Introduction

Pancreatic adenocarcinoma (PAAD) is the most malignant tumor of the human digestive system. New cases of PAAD in the United States rank 10th among men, 9th among women, and 4th in cancer mortality according to data released by the American Cancer Society in 20191. For malignant tumors in China, PAAD ranks eighth for urban men and fifth for the mortality rate in large cities according to data from the National Cancer Center of China2, with a 5-year survival rate of less than 5%3,4. Globally, PAAD incidence and mortality increases with age and is slightly higher among men, although mortality has increased in both genders over the past few decades3,5,6,7,8. Despite the identification of some risk factors such as smoking, genetic diabetes, alcohol consumption, and lack of exercise, the causes of PAAD remain poorly understood9,10,11,12,13,14. Exploring potential prognostic biomarkers and mechanisms that drive pancreatic cancer are therefore urgently required.

RNA modifications play a pivotal role across many biological processes15,16,17. Among the 150 types of RNA modifications discovered, methylation has been identified as a common phenomenon and a key regulator of gene transcript expression, with 5-methylcytosine (m5C) being one of the most prevalent18,19. With the application of high-throughput sequencing techniques for detecting m5C RNA modifications (e.g., bisulfite sequencing), a whole-transcriptome map of m5C sites has become available in which m5C mainly appears in the anticodon loop and variable region of tRNAs and rRNAs and the coding sequences of mRNAs20,21,22,23,24. m5C deposition occurs through a methyltransferase complex involving three homologous factors, including methyltransferases (“writers”), demethylases (“erasers”), and m5C binding proteins (“readers”). m5C affects RNA structural stability and translational efficiency like other nucleobase modifications, and research has additionally revealed a potential role in promoting mRNA export and regulating tissue differentiation25,26. Dysregulation of m5C has been implicated in multiple abnormal cellular processes and human cancers27. For instance, tumor malignancy has been strongly correlated with levels of m5C in the DNA from breast cancer patient tissue. Measuring m5C levels in myeloid malignancies could also act as a valuable diagnostic and prognostic tool, not only for tailoring therapies but also assessing responses to anti-cancer drug activity and toxicity28,29,30.
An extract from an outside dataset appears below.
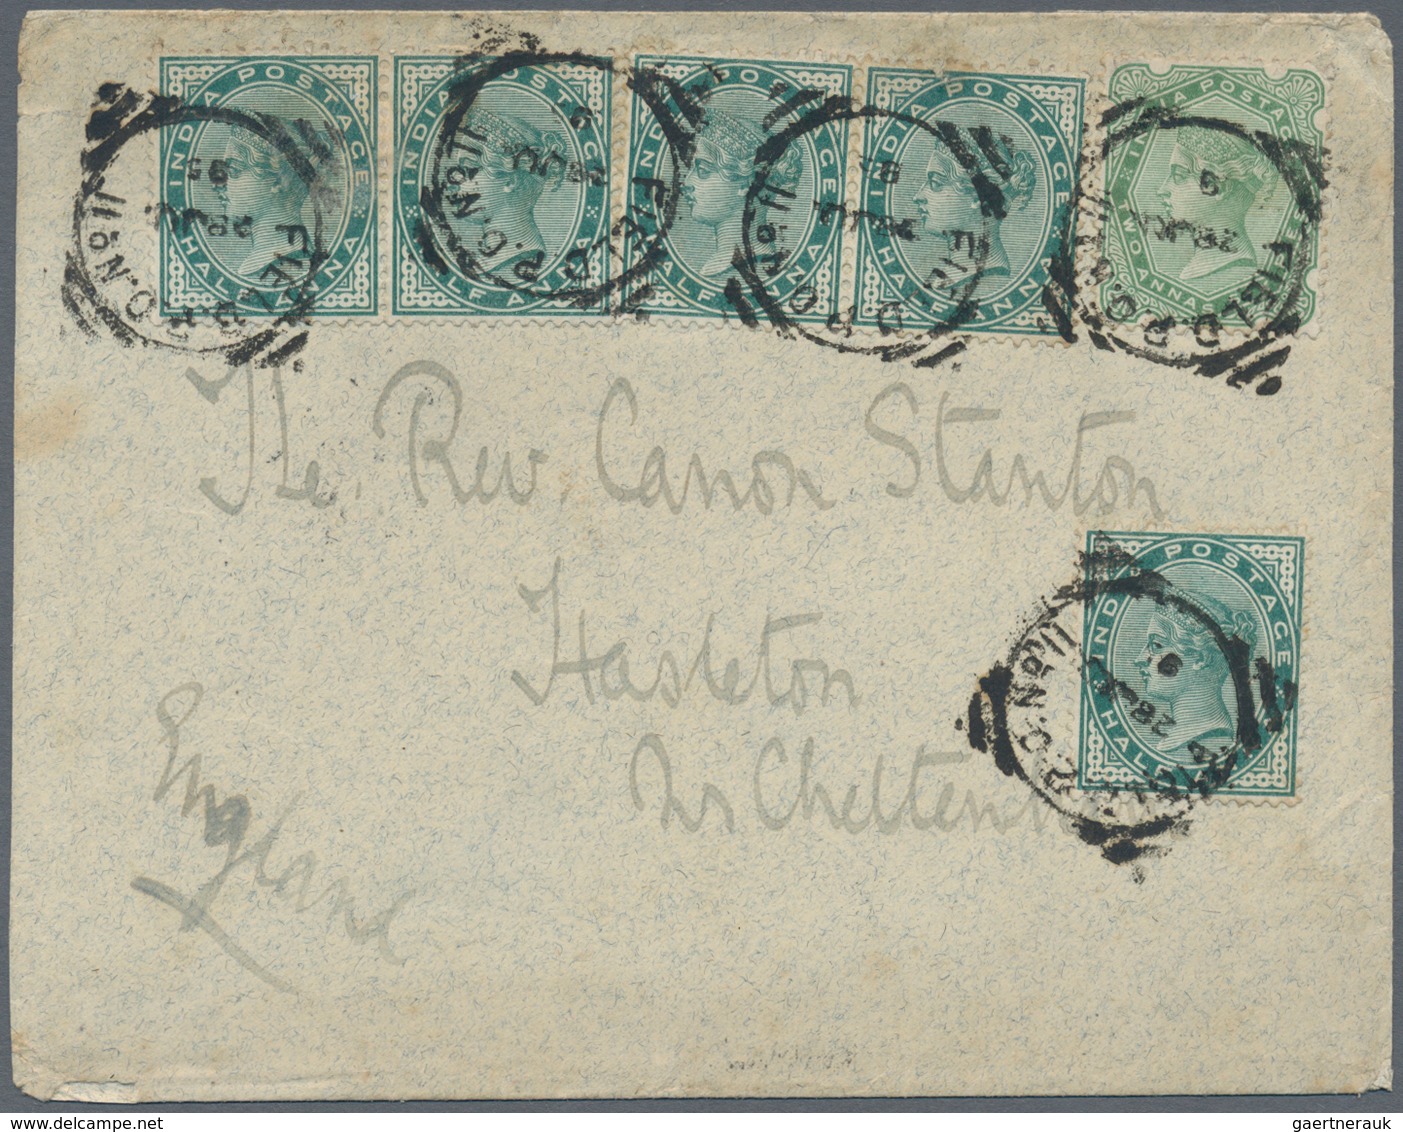 Indien - Feldpost: 1895 Chitral Relief Force: Double-rate Cover From Field Post Office 11 At Chakdar - Militärpostmarken

Little is currently known about the relationship between m5C-related genes and PAAD. Based on The Cancer Genome Atlas (TCGA) database, researchers can easily access the gene expression, copy number variations (CNVs), and simple nucleotide variations (SNVs) data of human cancers. Both CNVs and SNVs can play crucial roles in cancer progression, but how the CNVs and SNVs of m5C-related genes contribute are poorly understood31. In the present study, we retrospectively analyzed the gene signatures and prognostic values of m5C regulators in PAAD using patient gene expression, CNV, and SNV data from the TCGA database. Changes to m5C regulatory genes were significantly associated with tumor stage, and a strong relationship between m5C regulatory gene CNVs and pancreatic cancer patient survival was established. These findings enabled the discovery of genetic alterations to m5C regulatory genes that contribute to PAAD patient outcomes and enhance our understanding of m5C epigenetic regulation in PAAD.

Results

m5C regulatory gene mutations in PAAD

In the sequencing data set of 363 PAAD patients, m5C regulatory gene mutations appeared in 13 independent samples (Table 1). Further, these 13 PDAC samples were used to analyze the mutation characteristics of the m5C genes. The clinical information of these samples was shown in Supplementary Table 1. Compared with the eraser and reader genes, writer gene had a greater mutation frequency, as reader gene mutations were not detected (Fig. 1A). Six of the samples revealed a higher mutation frequency in the writer gene DNMT3A. In 183 PAAD samples with CNV data, m5C regulatory genes showed a high frequency of CNV (Fig. 1B), although CNVs within NSUN1 and DNMT2 genes were undetectable. For example, the reader gene ALYREF had a CNV event frequency of 18.48%, followed by the writer gene NSUN4 with a frequency of 15.22%. The eraser gene TET2 had the lowest frequency at 6.42% (Supplementary Table 2). Among them, the writer gene DNMT3A showed the highest mutation level (Fig. 1C).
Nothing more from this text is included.